Branch wt-2909-verify-checkpoint-integrity introduces a test that runs a subprogram that does some inserts and periodically checkpoints. During the course of a checkpoint, we cause some file system writes to fail, and we expect the subprogram to fail. The parent program opens a connection to the (failed) home directory and reads what it can.
The subprogram inserts into two tables within a single transaction. In the case of the failure, we see one of the tables containing many records, and the other only containing 1. (we always do a checkpoint after the 1st record). The test always expects to see the same number of records in each. Note that there is a long comment in test/csuite/wt2909_checkpoint_integrity/main.c describing the test.
There is a caveat to this JIRA report.
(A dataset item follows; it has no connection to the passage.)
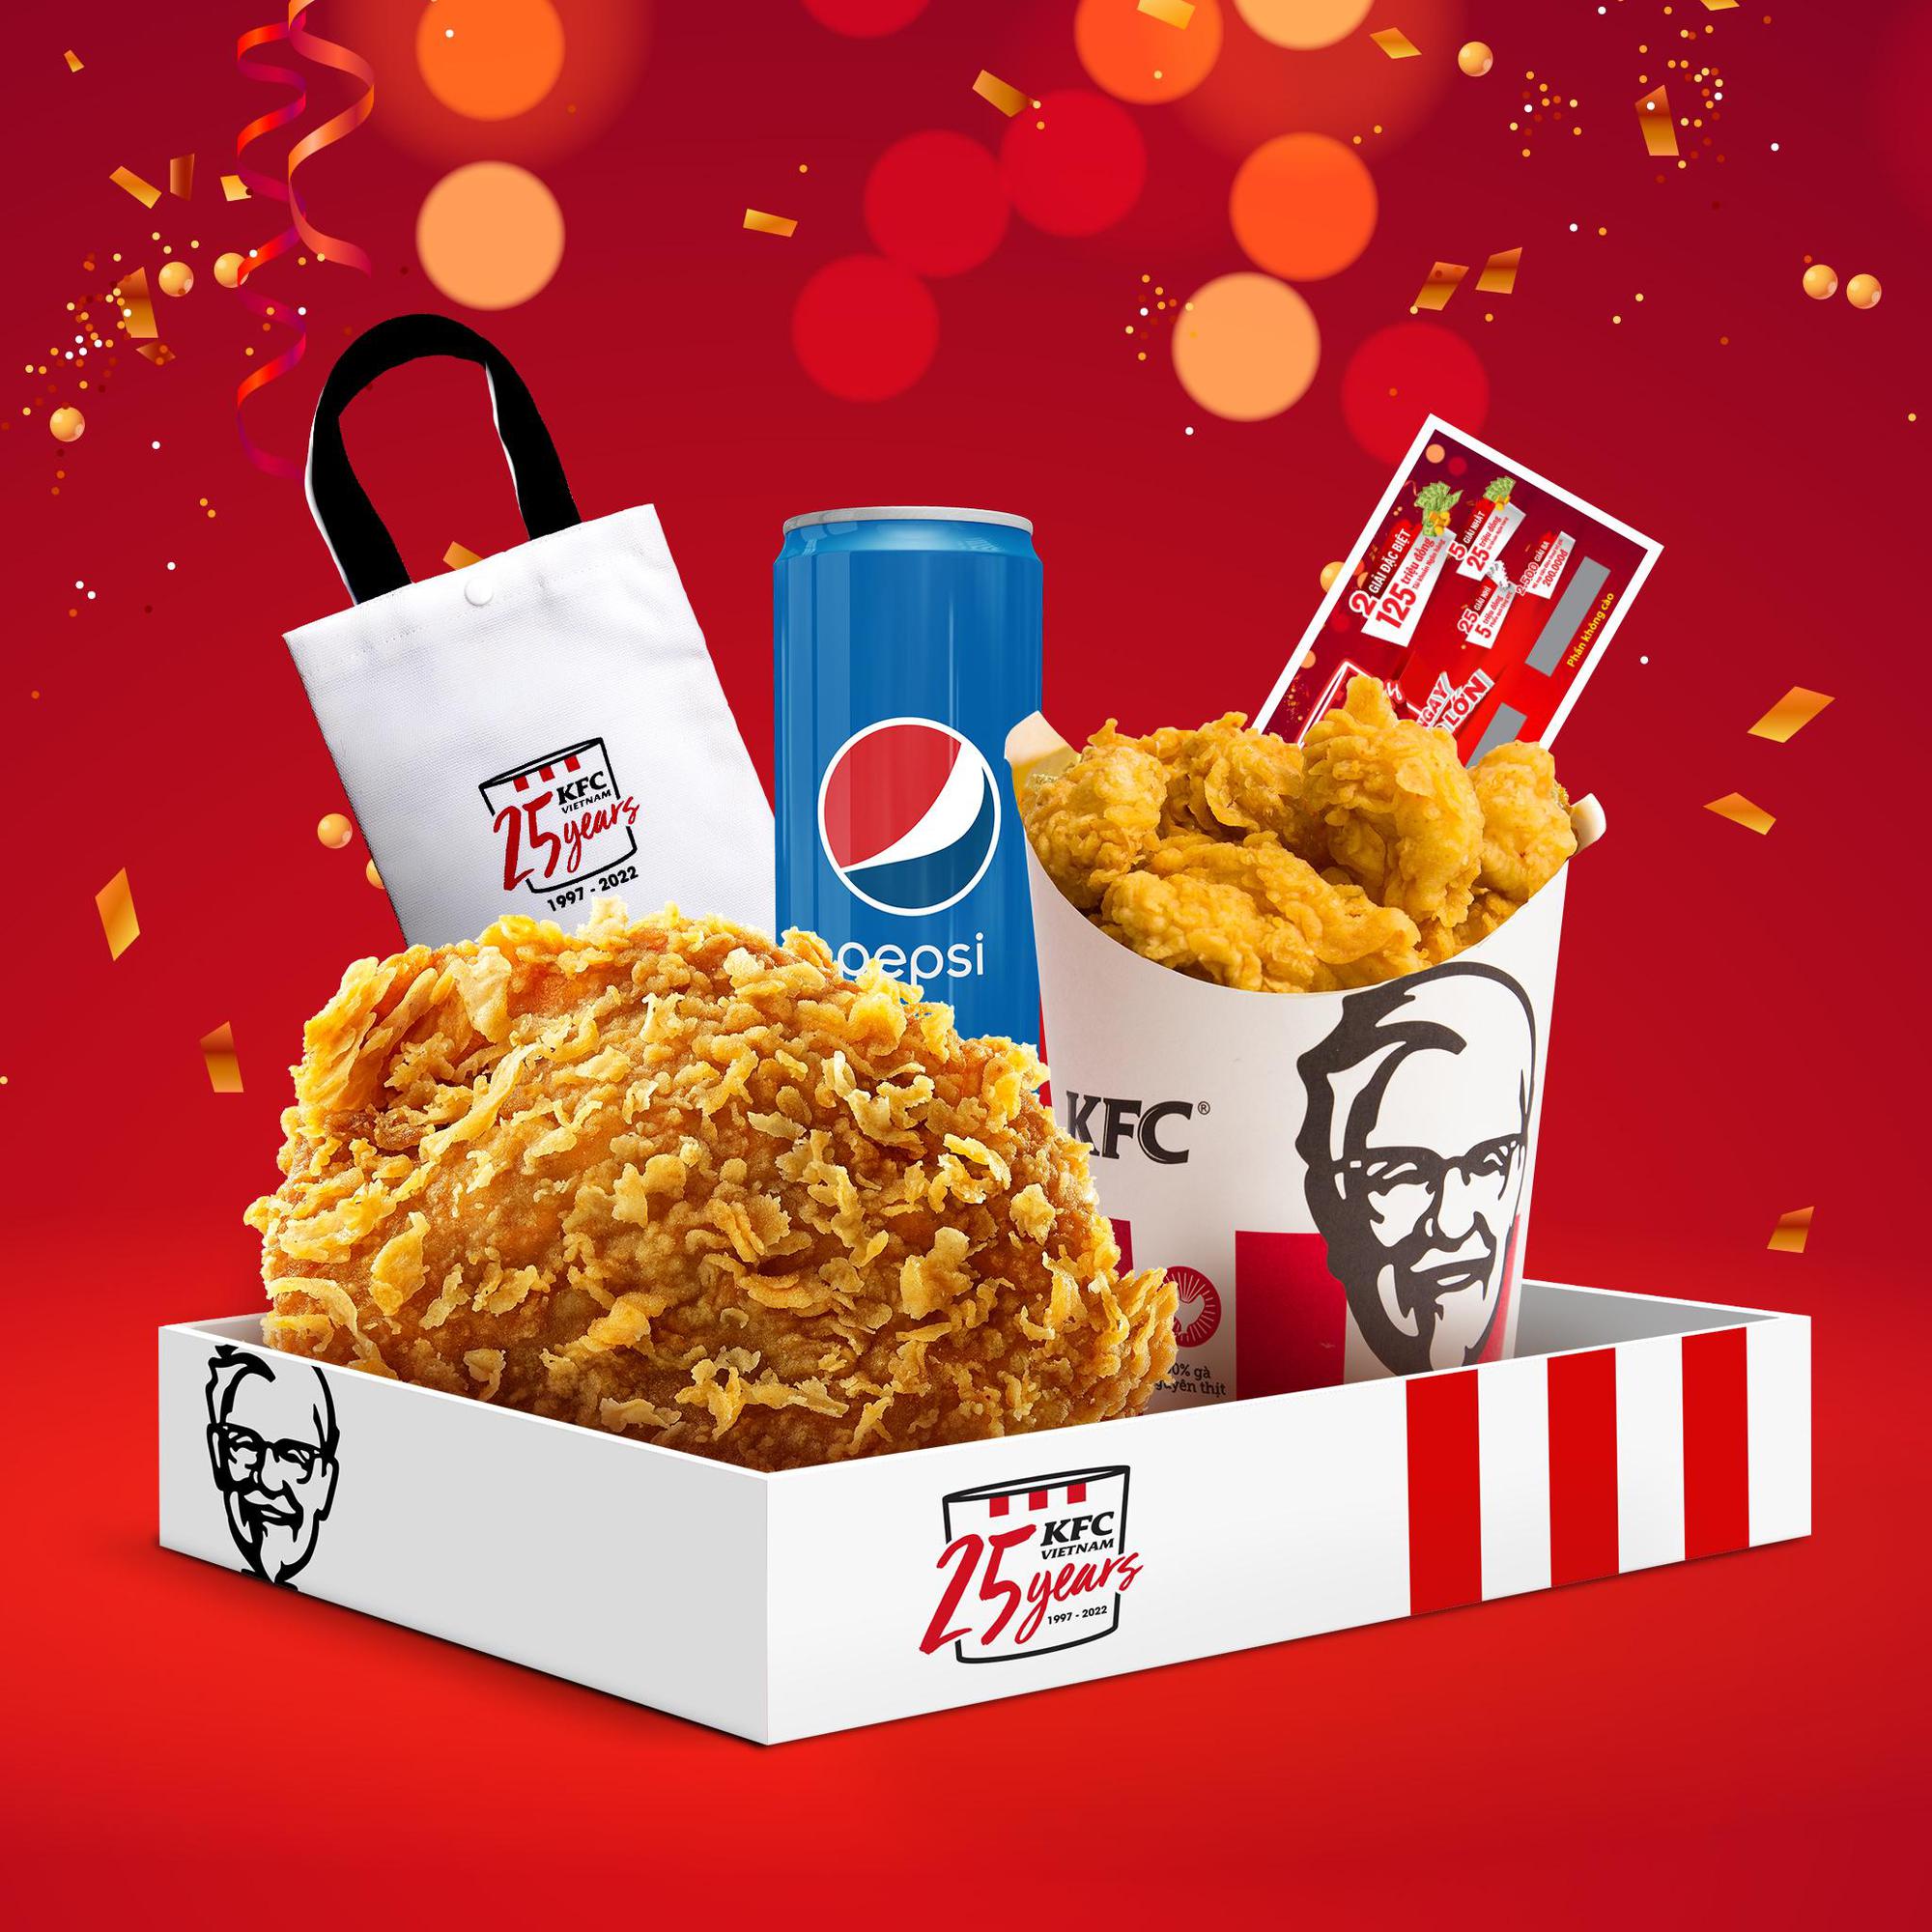 KFC kỷ niệm 25 năm có mặt tại Việt Nam với chuỗi ưu đãi hấp dẫn - Ảnh 2.
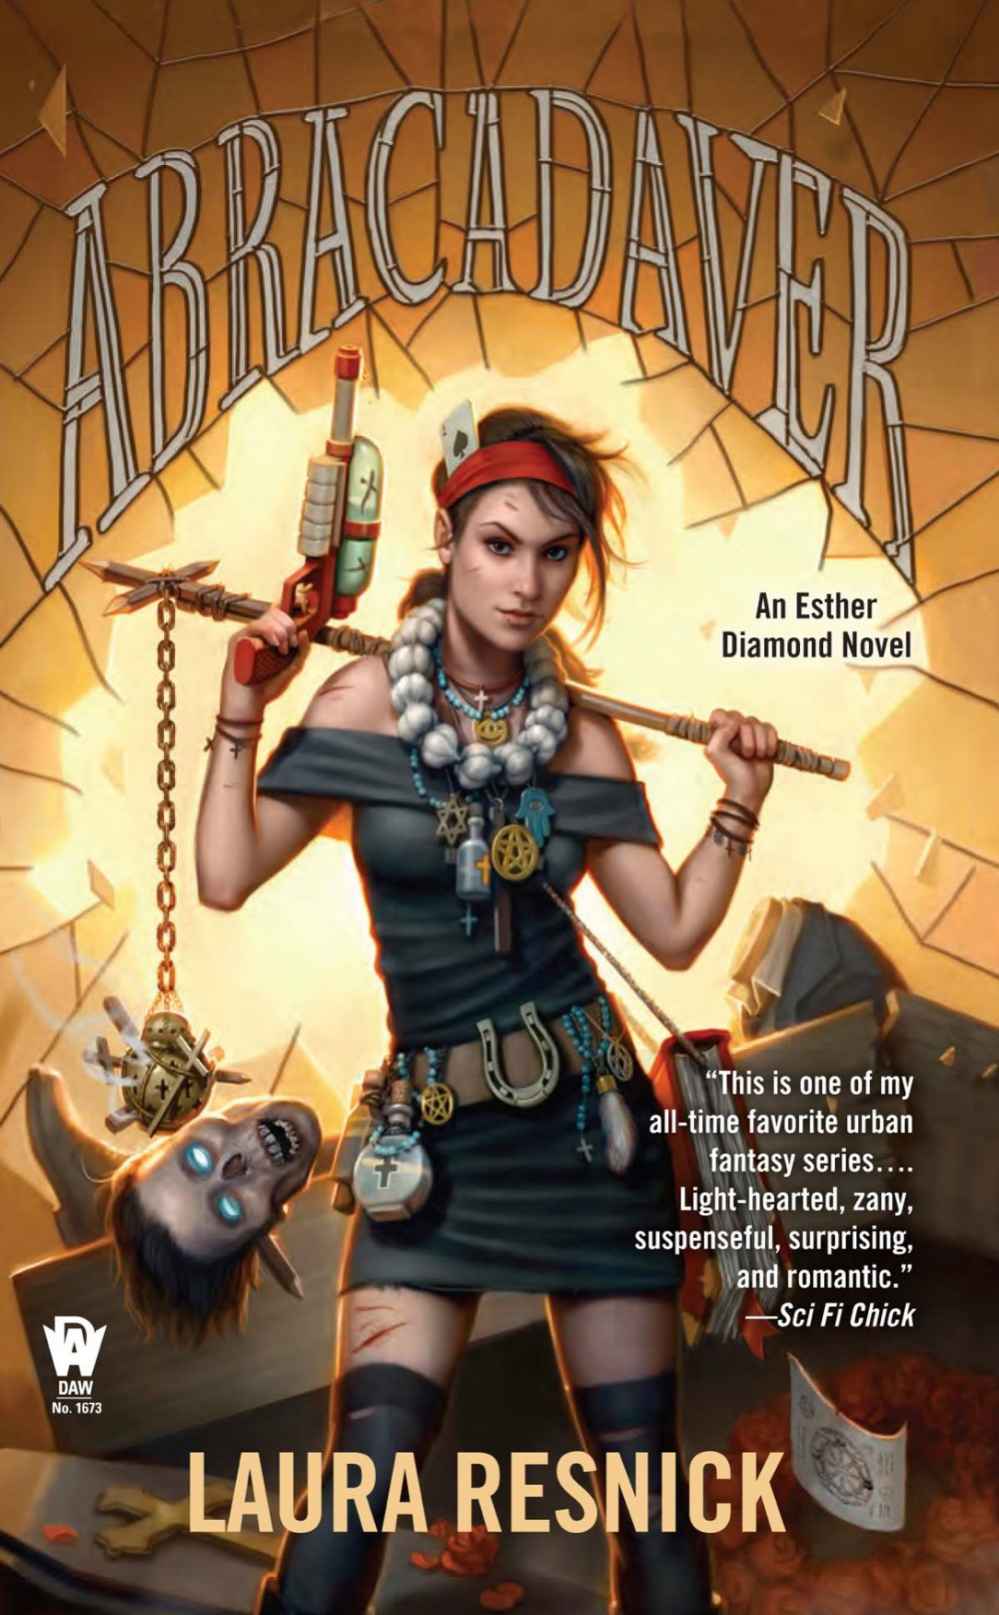 Abracadaver (Esther Diamond Novel)

We must be sure that there is not an error in the fail_fs code that violates some assumption of the file system code. In particular, fail_fs does not do locks or unlocks of files, or does syncs. That is because fail_fs does not need to be durable in the face of system crashes, only for process crashes. Perhaps I missed some other assumption.
To see the failure:
./test_wt2909_checkpoint_integrity -v -o 125
That runs the "top level" test as well as the subtest. To run the subtest only, which populates and uses the fail_fs to inject failures, do:
./test_wt2909_checkpoint_integrity subtest -v -p -o 125 -n 50000
At the moment, I've only verified this is a failure on OS/X. It's consistently reproducible.
For a stack trace of where the write fault was injected, see WT_TEST.subtest/stdout.txt.